Following the successful e and eye series of 2006, this session will include performance and discussion of work in progress by e-poets John Cayley and Caroline Bergval with Penny Florence and Tim Mathews. A discussion of the proposed new AHRC Digital Writing network will conclude the evening.John Cayley is a Visiting Professor of Literary Arts, Brown University, with a brief to develop writing digital media.
Writing on Complex Surfaces
John Cayley will introduce some of his recent work, 'writing digital media,' especially the ambient poetic piece, translation, including the latter's recent rendition as imposition, 'the networked performance of an evolving collaborative work engaged with ambient, time-based poetics and harmonically organized, language-driven sound' (sound design by Giles Perring).
Besides placing this work in the context of literary studies and what is sometimes called code studies, he will also touch on related and subsequent research he and his students have been doing with writing for immersive VR at Brown University's CAVE facility where he now also teaches a workshop course in CAVE writing.
Further information can be found at http://programmatology.shadoof.net/ and at Brown University's new wiki.
'CAVE writing'? 'immersive 3D environments'? - when we address ourselves to digitally mediated writings practices, it is clear that the properties and methods of the surface of inscription are at issue.

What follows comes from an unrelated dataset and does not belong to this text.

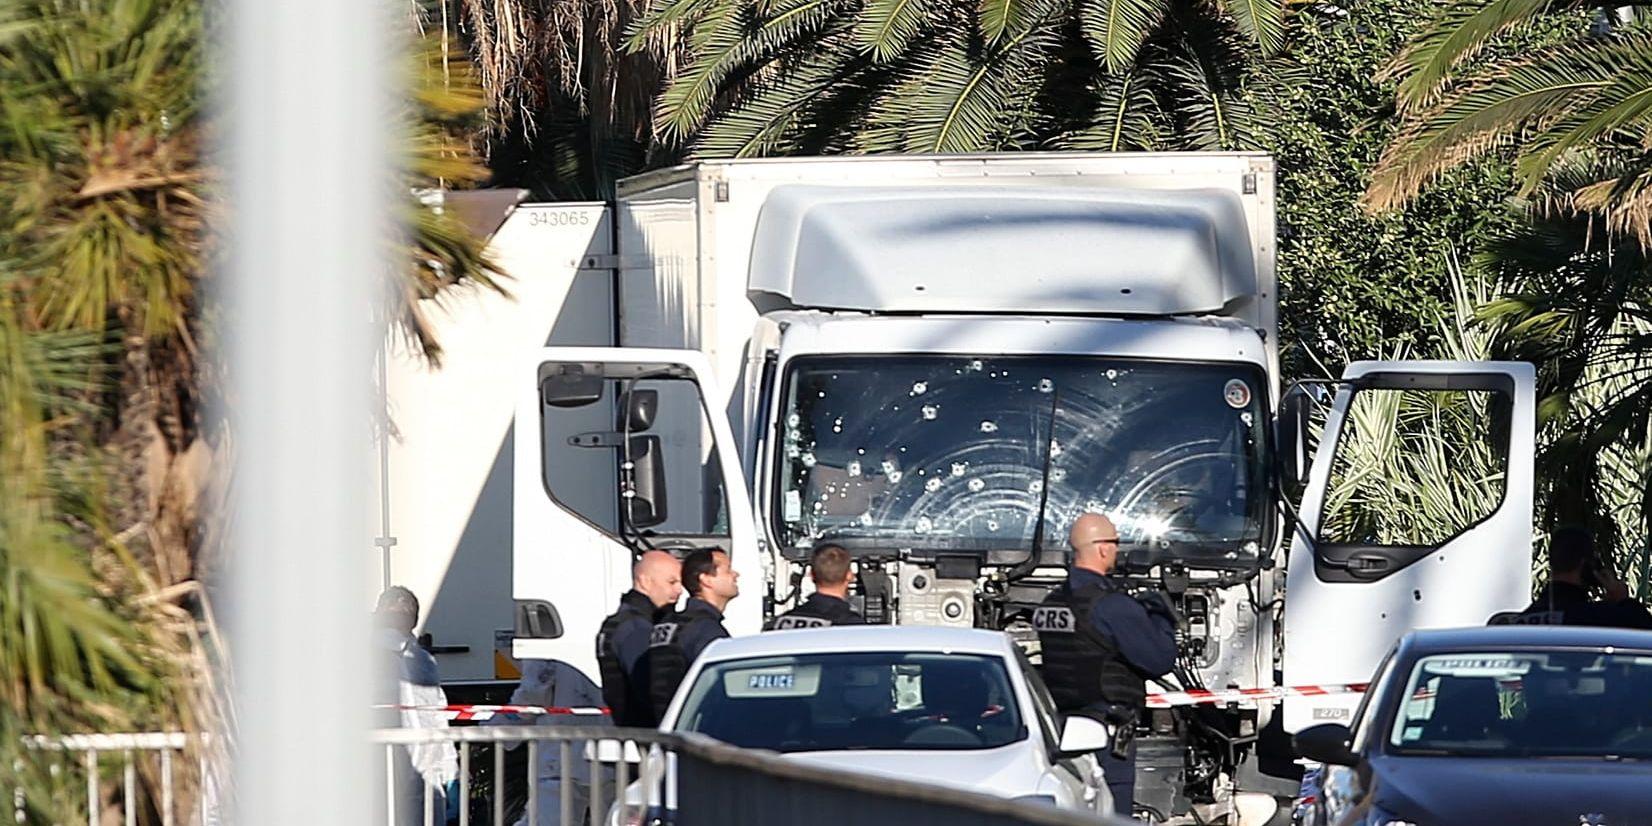 Flera franska medier kommer att sluta publicera bilder på terrorister för att förhindra glorifiering av dem. Detta sker efter attentaten i Nice och Normandie.

The inscriptional surfaces of digital media are complex, even when manifest as relatively passive 'screens' that emulate paper-like media. At the very least, these surfaces bear properties that reinforce the necessity for 'media-specific analyses,' as Katherine Hayles puts it.

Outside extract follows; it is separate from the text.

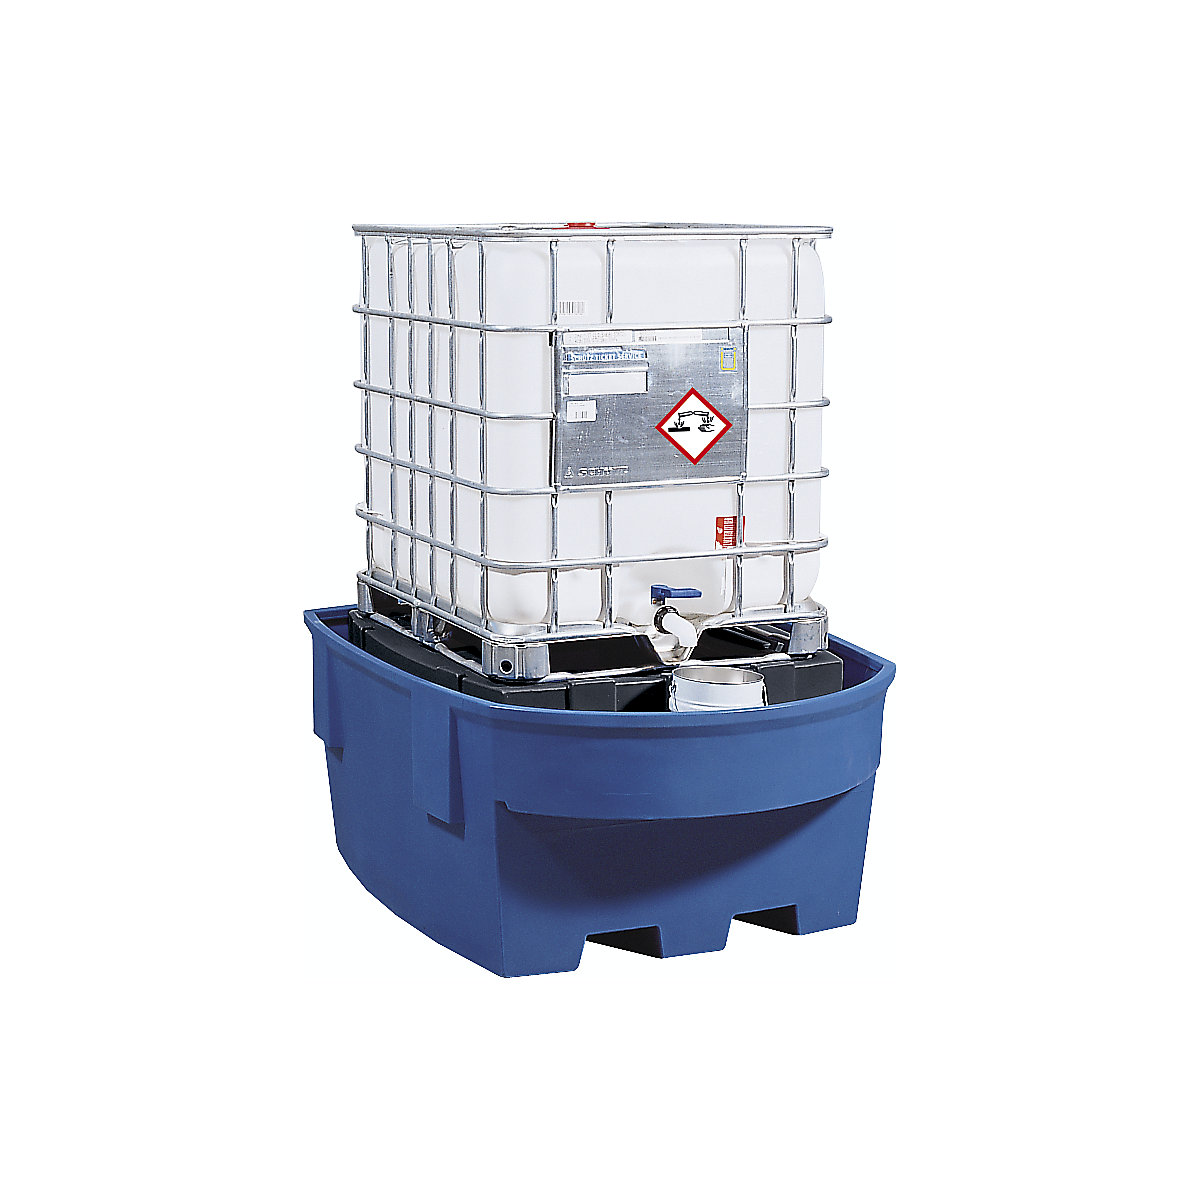 Záchytná vaňa z PE pre cisternové kontajnery IBC/KTC – asecos

Related and corresponding complexities are demonstrable in what we may describe as the 'atoms' of inscriptional practice in digital media, the programmable différance-engines that leave their traces on just such complex surfaces. These features are, literally, 'spectacularly' in evidence when applied to writing for 3D immersive environments such as the three-wall Cave at Brown University, where new engagements with writing have been practiced experimentally and pedagogically since 2002.
Caroline Bergvall is a poet and a conceptual writer. She has collaborated on audiotexts, installations, performances and most recently presented her work at MoMA, New York, and Literaturhaus, Copenhagen. She is currently working on a sound-text installation, Mukha.